Kaisten

Dieser Zwergwidder misst sich mit den schönsten der schönen Rammler

Die ideale Form und Farbe – Walter Mischler mit seinem Zwergwidder vom Farbschlag Rhön.

Die ideale Form und Farbe – Walter Mischler mit seinem Zwergwidder vom Farbschlag Rhön.

321 Kleintierzüchter stellen sich am Wochenende dem Urteil der Experten an der Gesamtausstellung des Aargauischen Kleinzüchterverbandes. Unter ihnen auch Walter Mischler und sein Zwergwidder.

Das weiss-grau gescheckte Kaninchen sitzt vertrauensvoll auf dem Tisch und lässt sich die Inspektion seiner Körperteile ohne Mucks gefallen. Walter Mischler streicht dem Tier über den Rücken.

«Die Zeichnung des Fells ist bei diesem Tier ideal», sagt er. «Es erinnert an den Stamm einer Birke: weisser Grund mit grauschwarzen Strichen, Spritzern und Punkten in der richtigen Mischung.» Das Kaninchen gehört zur Rasse Zwergwidder Rhön.

Kaisten: Eine letzte Kontrolle, bevor der Rammler an die Ausstellung geht

Kaisten: Eine letzte Kontrolle, bevor der Rammler an die Ausstellung geht

Mit geübten Händen legt Mischler das Tier auf den Rücken, untersucht die Krallen, schiebt vorsichtig die Lippen des Nagers zurück, um sich die Zähne anzusehen. «Zahnstellung, Gewicht, Färbung – alles so, wie es sein muss», sagt er zufrieden.

Hobby seit 45 Jahren

Seine Hoffnung ist, dass der Rammler an der Gesamtausstellung des Aargauischen Kleintierzüchterverbandes an diesem Wochenende eine hohe Punktzahl erhält. Das wäre nicht verwunderlich, den Walter Mischler ist ein alter Hase unter den Kaninchenzüchtern.

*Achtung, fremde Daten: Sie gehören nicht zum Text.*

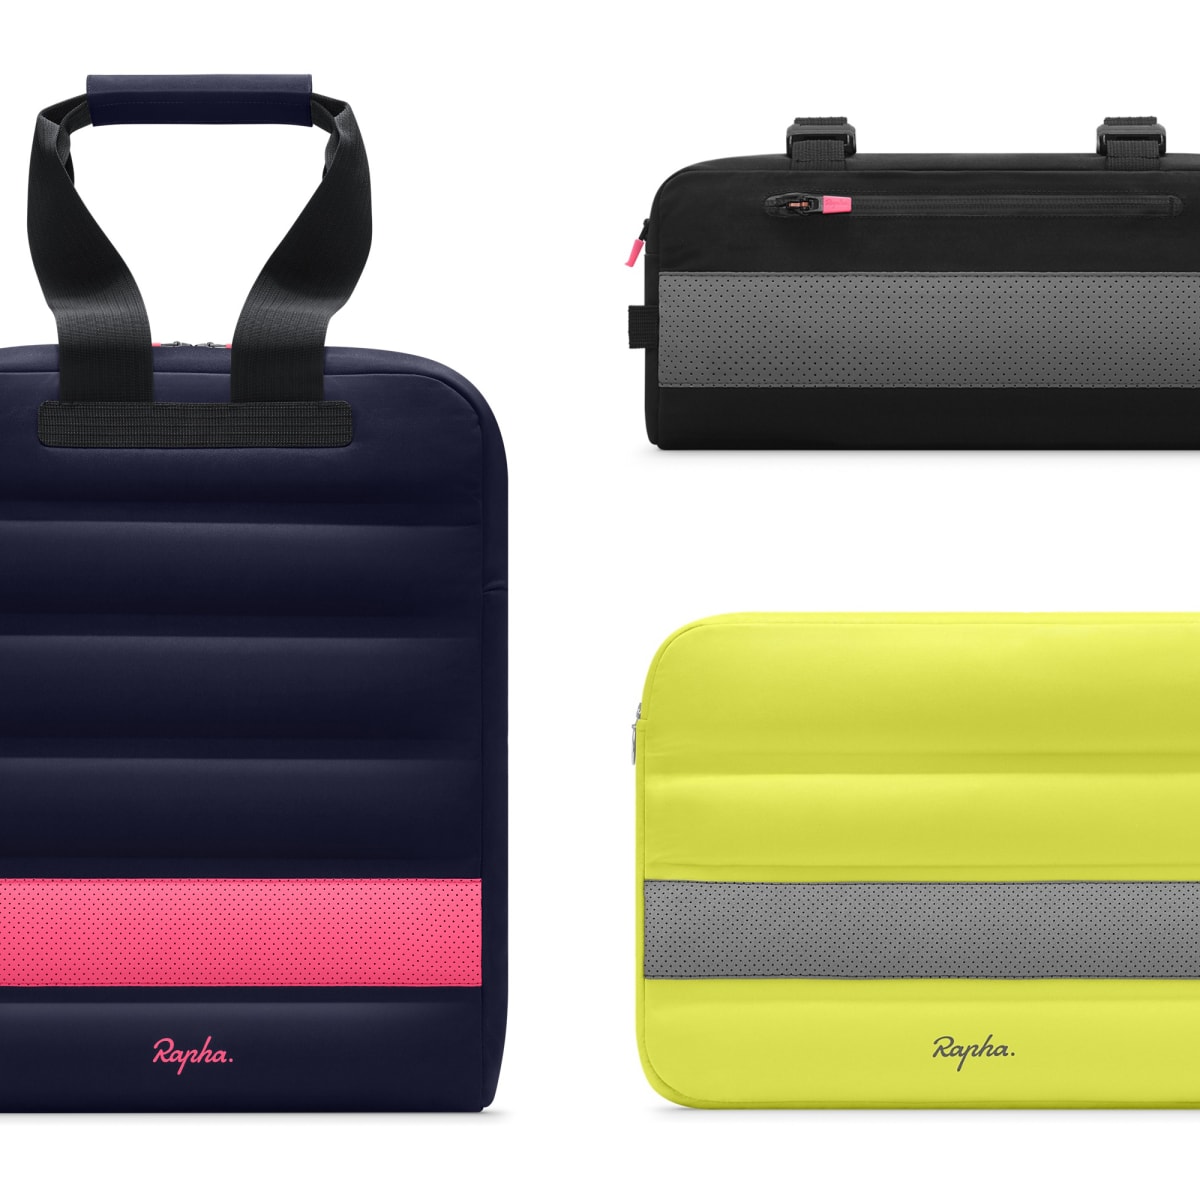 Rapha releases an exclusive line of accessories for Apple - Acquire

Seit 45 Jahren gehören die Tiere zu seinem Leben. «Wenn ich früher einen anstrengenden Arbeitstag hatte, dann tat es mir gut, wenn ich eine Stunde mit dem Versorgen der Kaninchen verbringen konnte», sagt er. Jetzt ist er pensioniert und sein erster Gang führt ihn morgens zu seinen Zwergwiddern.

Sein Hobby hat für ihn die Faszination noch nicht verloren. «Im Gegenteil, seit ich mehr Zeit mit den Tieren verbringe, fällt mir auf, wie unterschiedlich ihre Charaktere sind.»

Aber Charakter zählt nicht an der Schau der Schönen. Wenn der kleine Zwergwidder gegen seine Konkurrenten in Kaisten antritt, dann müssen die rassespezifischen Schönheitsmerkmale stimmen. Und die sind genau definiert. So genau, dass ein kleines Büschelchen Haare der falschen Farbe am falschen Ort über wertvolle Punkte entscheiden kann.

Steilrücken, Stummelblume, Hechtschnauze

Die Versuchung, der Natur etwas nachzuhelfen, konnte schon der eine oder andere Züchter nicht widerstehen. Das nenne man dann «unerwünschtes oder verbotenes Schaufertigmachen», sagt Walter Mischler.

Das Rupfen oder gar Färben vom Fell wird von den Experten dem Verbandsgericht gemeldet. «Ein Züchter, der sein Tier so manipuliert, wird namentlich in der ‹Tierwelt› genannt und für zwei Jahre in der ganzen Schweiz gesperrt.»

Erlaubt hingegen seien das Entfernen einzelner weisser oder andersfarbiger Stichelhaare, die Fellpflege und das Schneiden der Krallen, ergänzt er. Wer aber mit einem Steilrücken, einer Stummelblume, einer starken Kuhhessigkeit, einer Hechtschnauze oder O-Beinen auf die Welt gekommen ist, wird es in der Welt der schönen und erfolgreichen Kaninchen nicht weit bringen. «Jeder Züchter weiss, dass ein solches Tier keine grossen Chancen an einer Schau hat», sagt Mischler.

Am Freitag findet in Kaisten die Begutachtung der Tiere unter Ausschluss der Züchter statt. «Die Spannung ist riesig, wenn man in die Halle kommt und die Bewertungskarten mit den erreichten Punkten sieht», sagt Walter Mischler.

Am Samstag, 8. Januar, und Sonntag 9. Januar, stellen sich 321 Züchter von Kaninchen, Geflügel und Tauben an der Gesamtausstellung des Aargauischen Kleintierzüchterverbandes in der Mehrzweckhalle dem Urteil der Experten.